I’m guessing some of these questions might be not easy to answer, as explaining basic electricity almost always seems to utilize some simplifications, while going into details seem end in Quantum physics (which is just bizarre and ultra counterintuitive). Have lots of questions, still most pressing at the moment are: 1. Why battery forces charges to organize themselves around conductor? What’s the mechanism? Why surface and not inside of conductor (guessing molecular structure disallows inside, but why allows outside)? 2. Why free electrons inside conductor heal to field created by charges - but not the other way around? After all both free electrons and charges are electrons. Why one rule over the other? Guessing obviously one are kept strongly by something while other free, still understanding lacks. 3 When battery is connected to conductor but circuit is still open conductor become “polarized”. Correct me. Some current flows for nano second in conductor? 4. Correct me. Polarized means there is more (or less - depending which pole) charges on surface of conductor which is however evenly distributed over length of conductor. Uneven distribution creates electric field and current flow? Thanks for making your lecture available.
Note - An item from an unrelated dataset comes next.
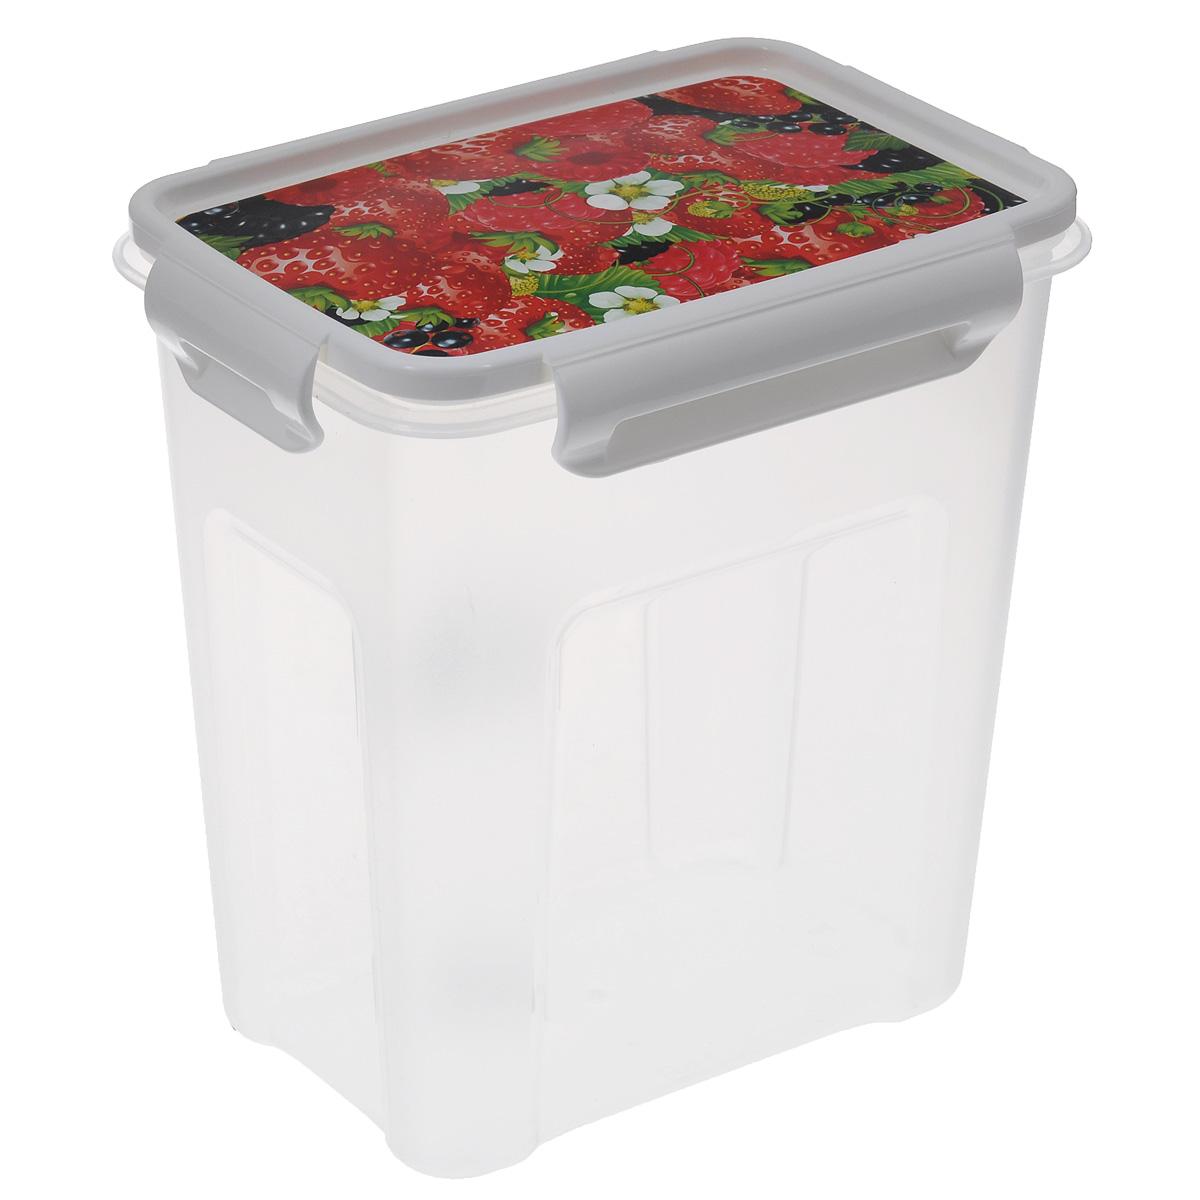 Контейнер Полимербыт Лок декор, 1,8 л477980 черныйКонтейнер Полимербыт Лок декор прямоугольной формы, изготовленный из прочного пластика, предназначен специально для хранения пищевых продуктов. Крышка, декорированная изображением ягод, легко открывается и плотно закрывается.Контейнер устойчив к воздействию масел и жиров, легко моется. Прозрачные стенки позволяют видеть содержимое. Контейнер имеет возможность хранения продуктов глубокой заморозки, обладает высокой прочностью. Можно мыть в посудомоечной машине. Подходит для использования в микроволновых печах.

Wow this is so good it helped me understand a lot of concepts which were not clear that i didn't under stand in school and checked online but this is by fat the best i have found
Professor could you clarify a doubt please. Following 2 popular theories seem to contradict each other: 1. 'Electrons around a loop, i.e. current around a loop, produces magnetic field like a bar magnet along the axis. But no radiation when it's a steady flow.' 2. 'An electron orbiting around an atom (in Rutherford model) should radiate energy, acc to classical electromagnetism'. Does an electron moving at uniform average velocity around a circular loop wire radiate?
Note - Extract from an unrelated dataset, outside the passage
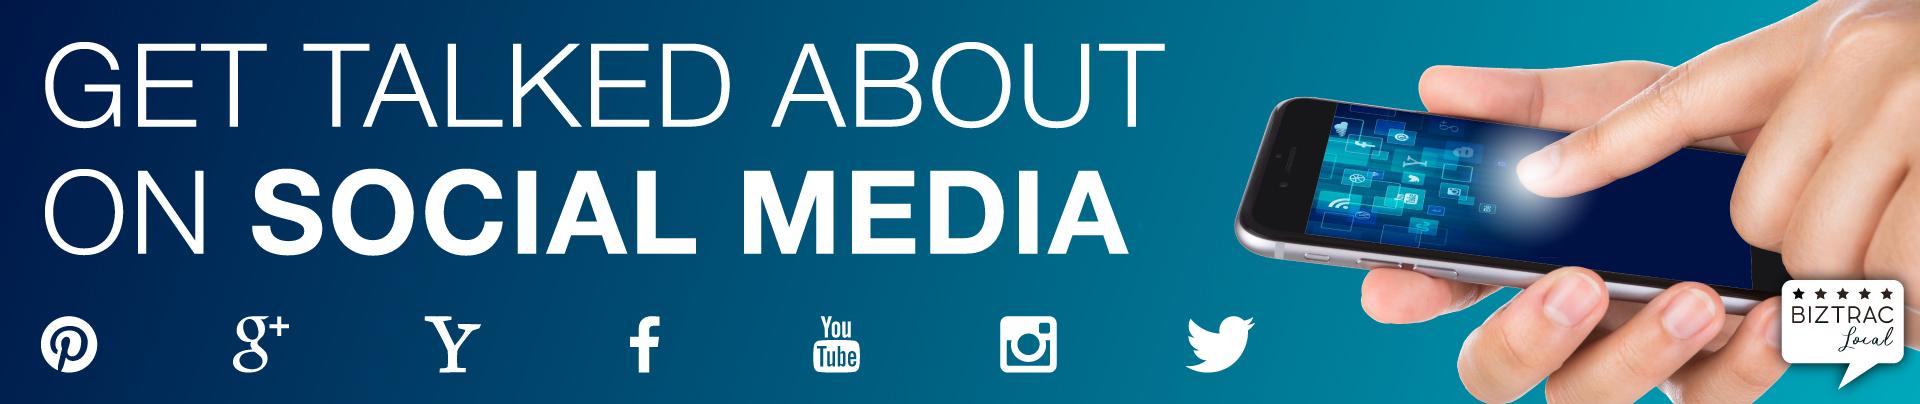 biztrac social media

an individual electron moving in a loop would radiate, since a distant observer would detect a changing EM field. however, a large number of evenly distributed electrons moving around a loop would not radiate, since a distant observer would not detect a changing EM field. maybe think of it as each electron's radiation being absorbed or suppressed by the other electrons
My new (electon) electricity says that electricity aint due to drifting electrons, or the Poynting Field/Vector, it is due to photons (electons) hugging the surface of the Cu. The electons propagate in the insulation (if any) in which case they propagate at the speed of light in the plastic, about 2c/3. On bare wires the speed of electricity is 3c/3. A good conductor is a substance that a photon can hug, eg all metals are goodish conductors i think. The hugging is strong if there are free-ish conduction electrons in the wire -- Cu has 2 such electrons per atom. Electons don’t reflect, they do a U-turn at the end of the wire. Actually, electons always go straight ahead, it is the surface of the Cu that duz the U-turn. If u measure the speed of electricity along a threaded rod u will find that the time taken is longer than for a plain rod, the difference being exactly the extra distance up & down over the threads. U should do a youtube about this. Your welcome.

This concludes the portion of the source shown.